AIM OF THE EXERCISE: Please transcribe the lines below exactly, and leave every image behind.

INFORMATION PROVIDED:
^^^^^^^^
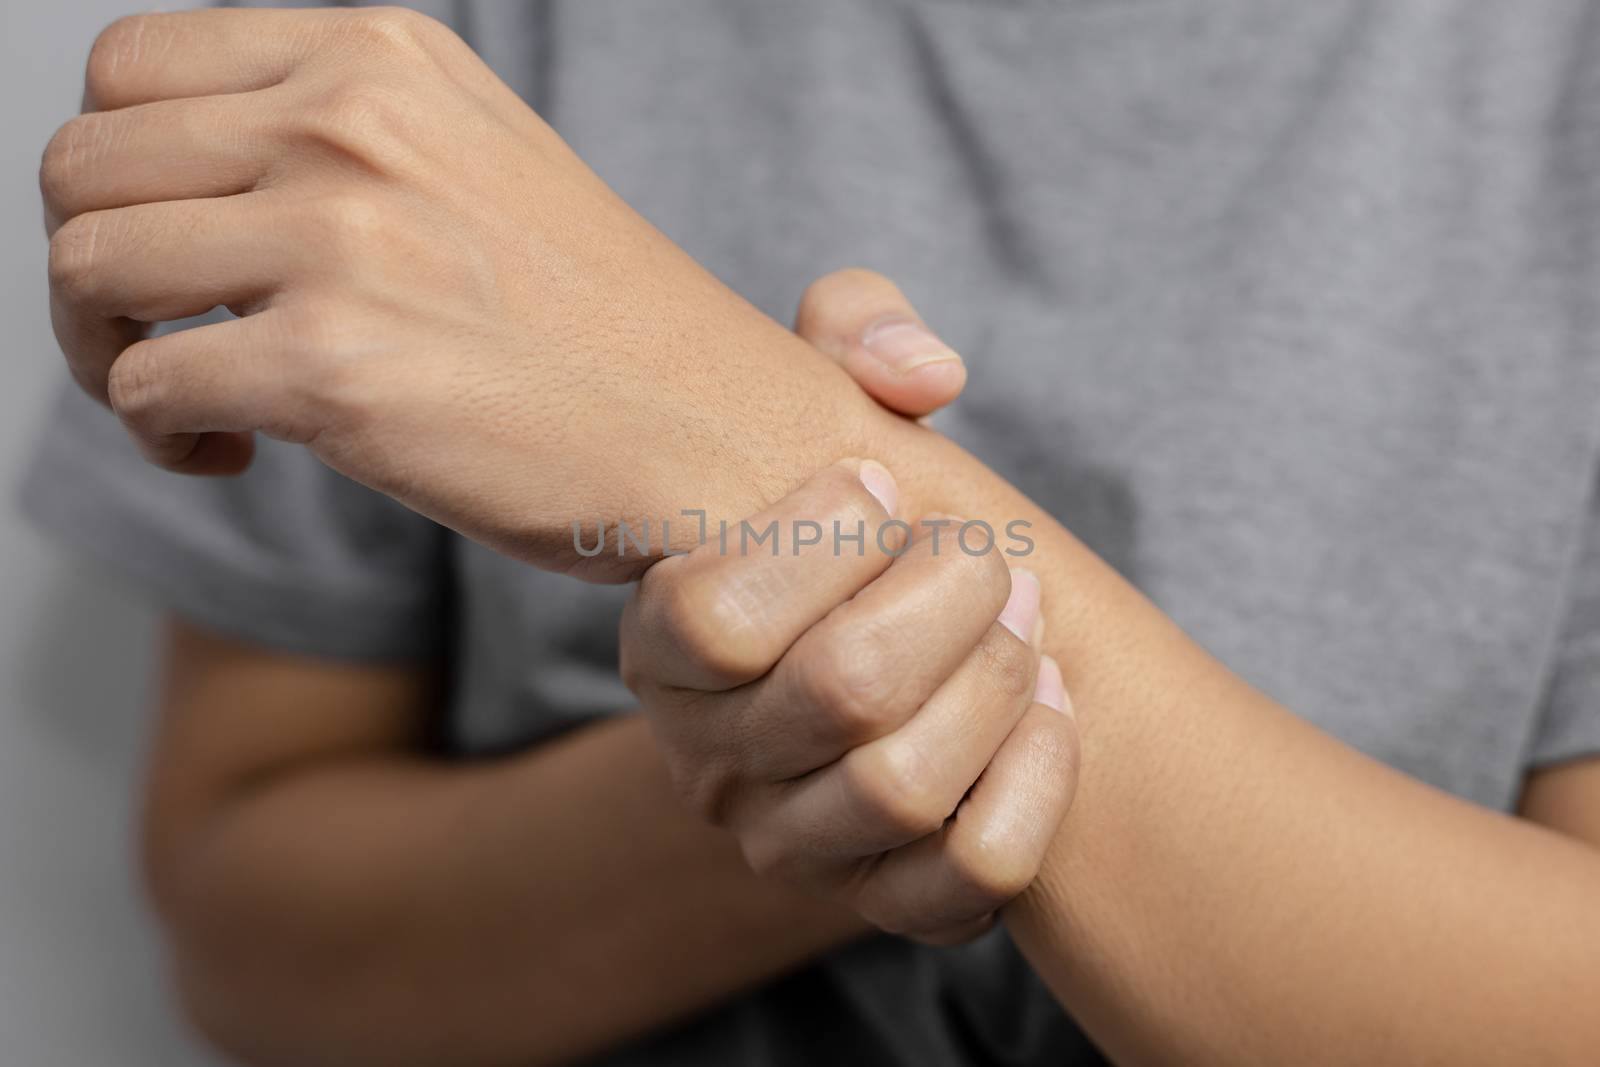 Woman suffering from pain in wrist. Pain in a women wrist. Young woman holding her painful wrist on wall background.
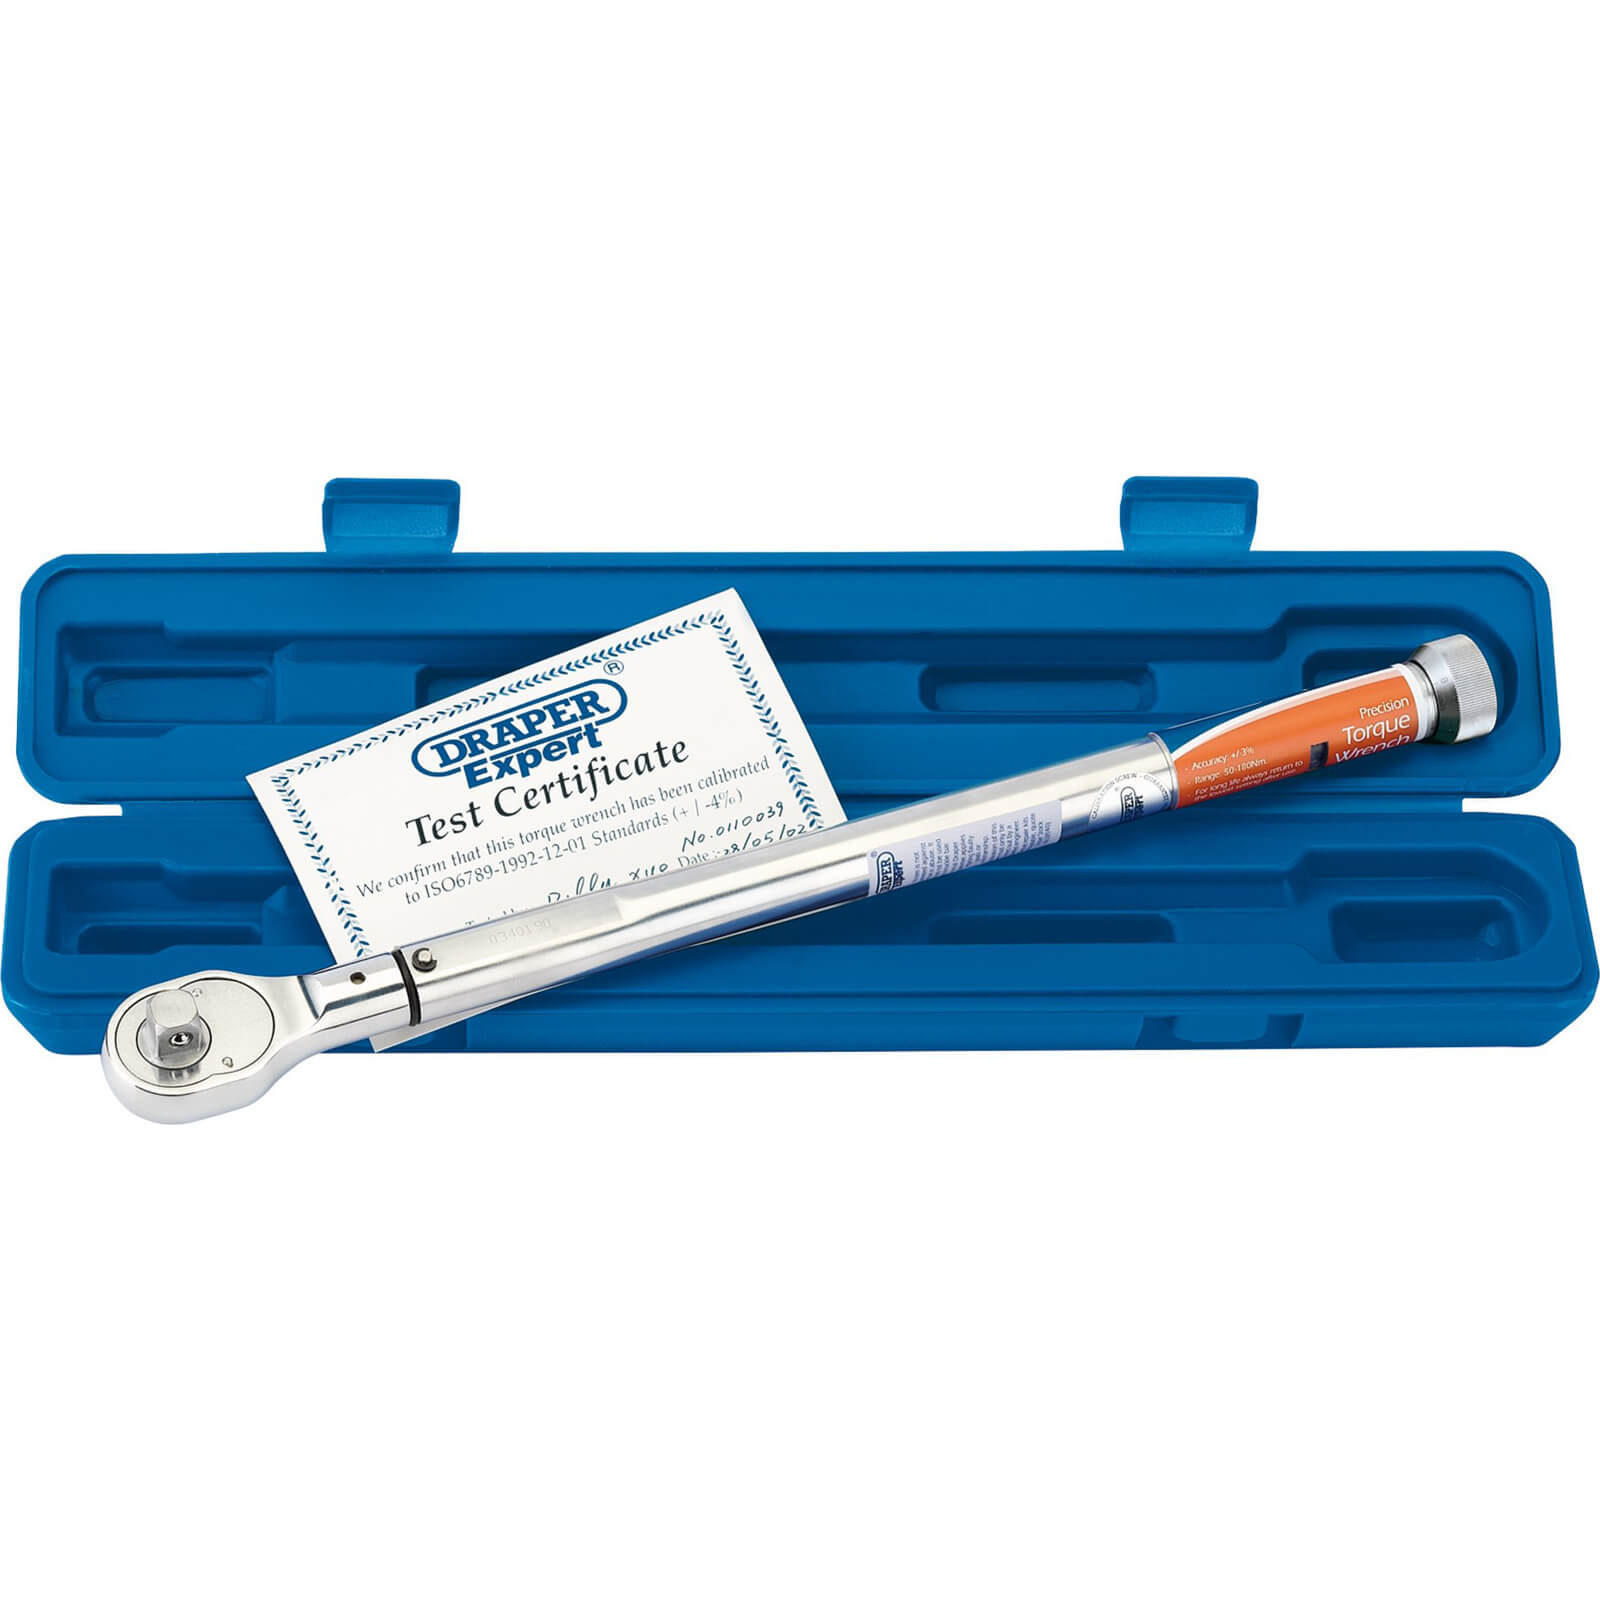 Image of Draper EPTW30-100 1/2" Drive Precision Torque Wrench 1/2" 50Nm - 180Nm
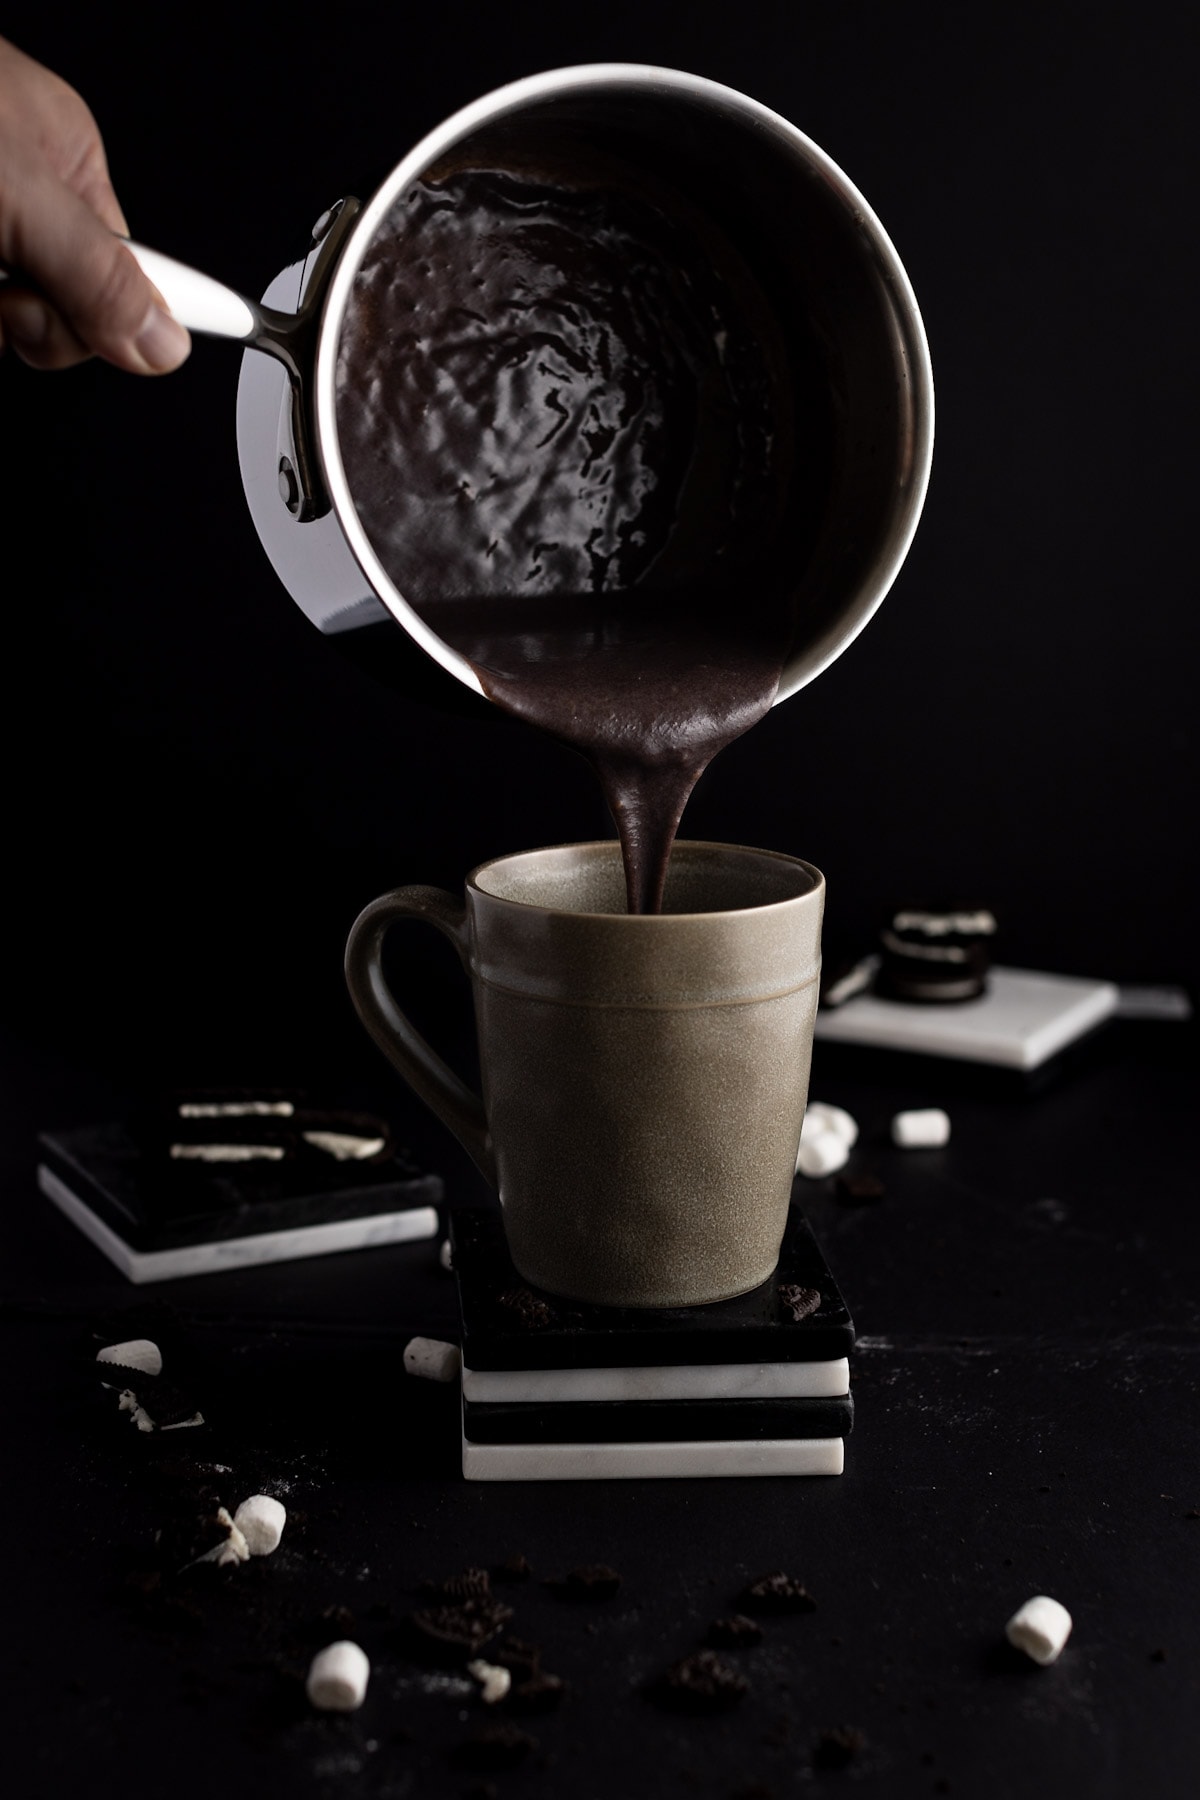 Oreo hot chocolate being poured from a metal saucepan into an olive green mug, on a stack of black and white coasters, with a black background.
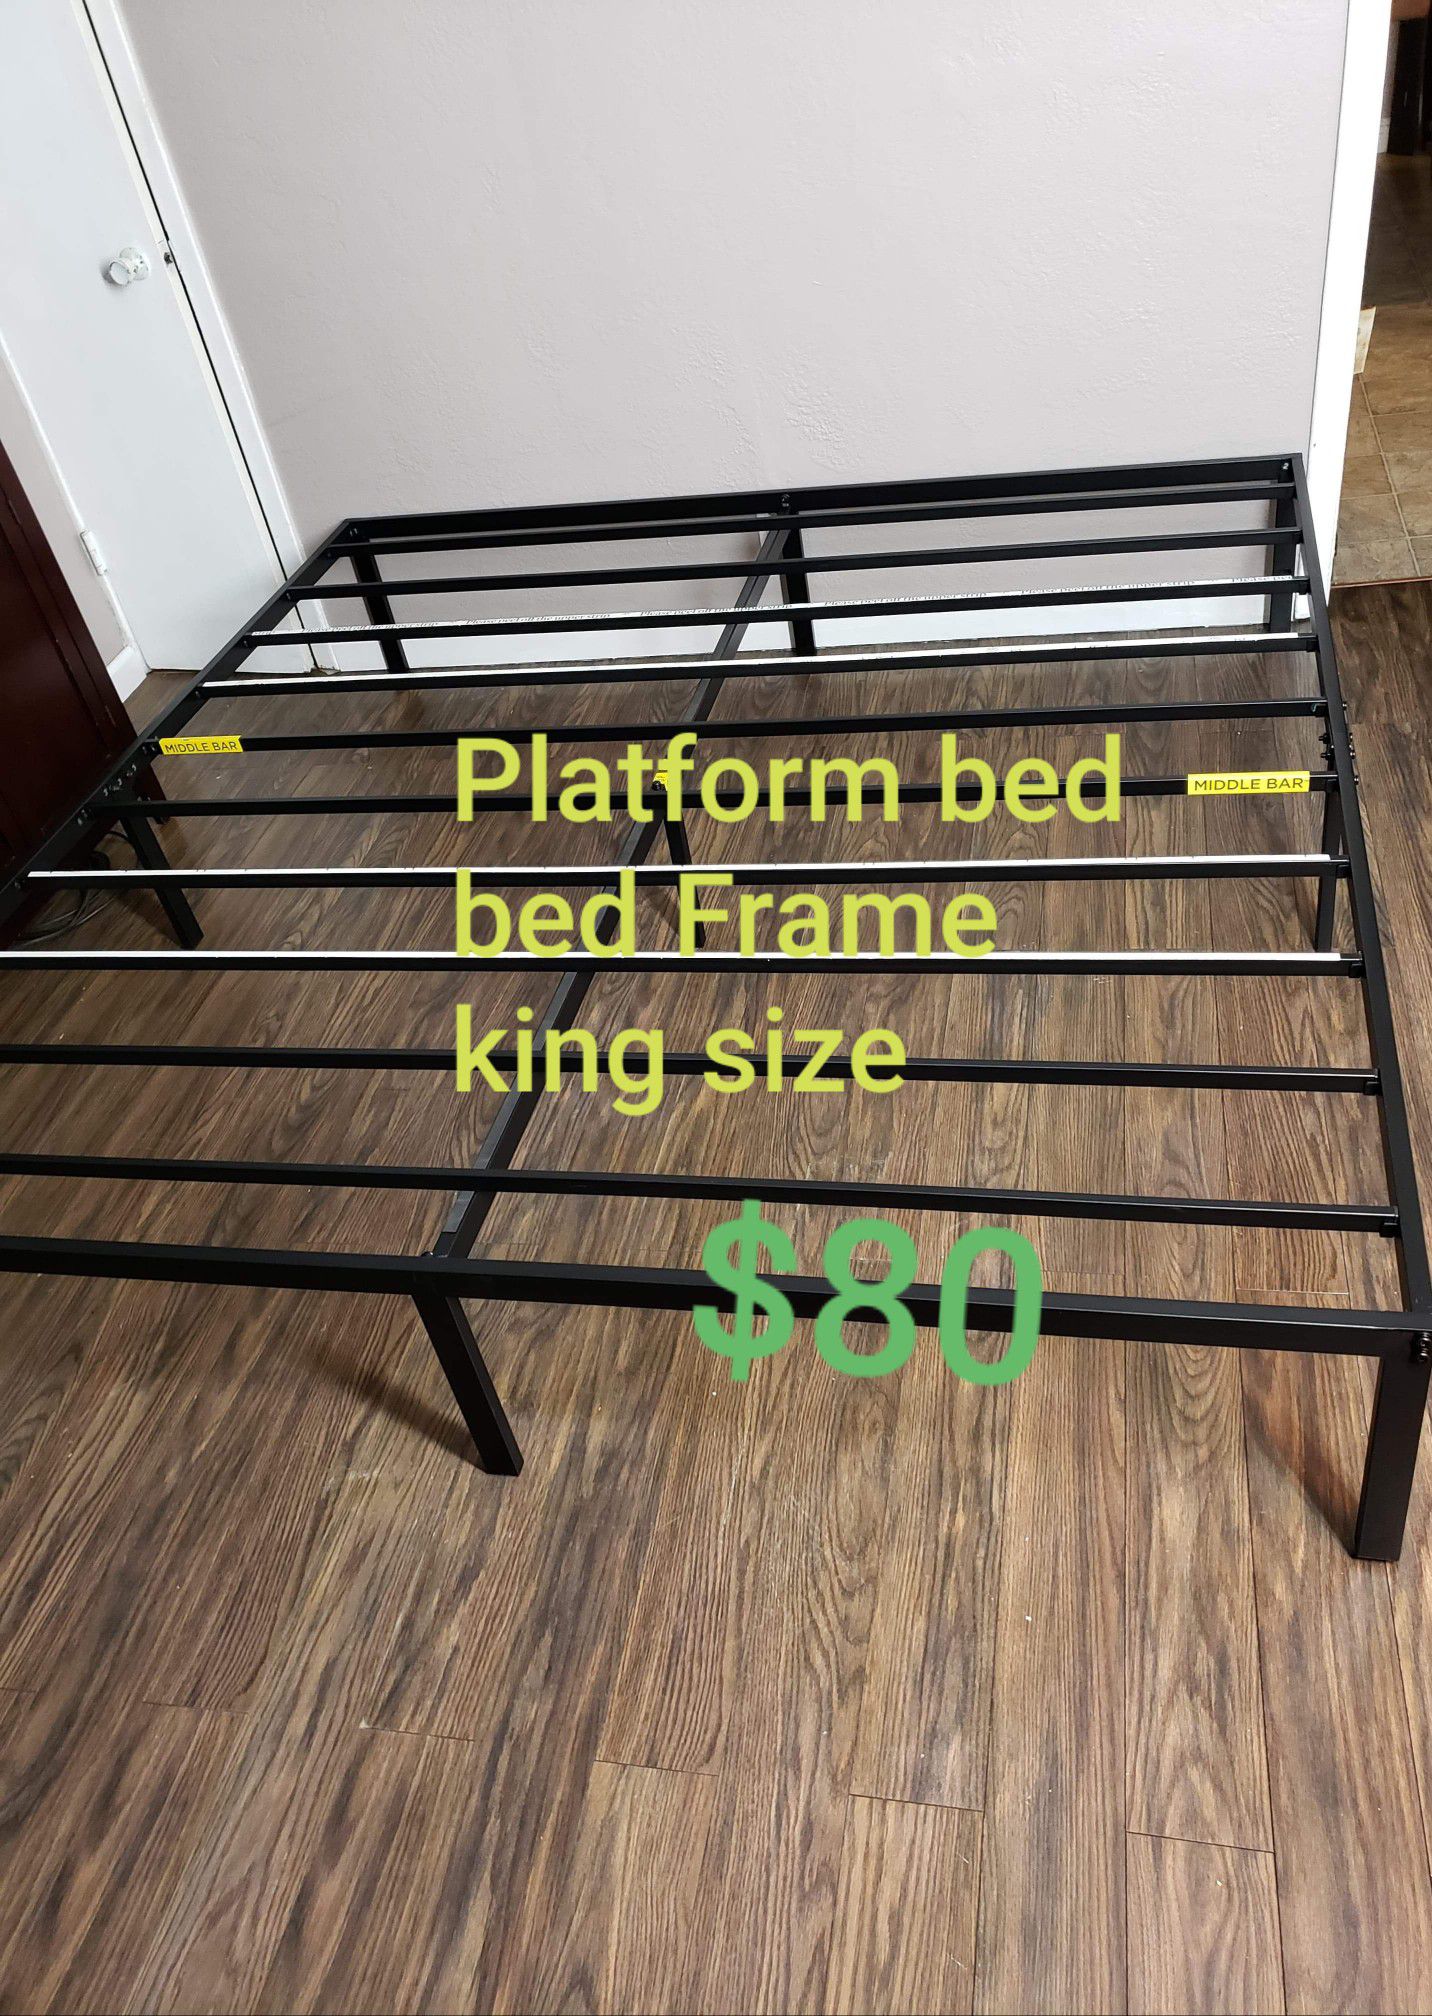 Platform bed frame king size. 14" Tall. New. Free delivery.
^^^^^^^^
TASK ANSWER:
 Woman suffering from pain in wrist. Pain in a women wrist. Young woman holding her painful wrist on wall background.
 Image of Draper EPTW30-100 1/2" Drive Precision Torque Wrench 1/2" 50Nm - 180Nm
 Oreo hot chocolate being poured from a metal saucepan into an olive green mug, on a stack of black and white coasters, with a black background.
 Platform bed frame king size. 14" Tall. New. Free delivery.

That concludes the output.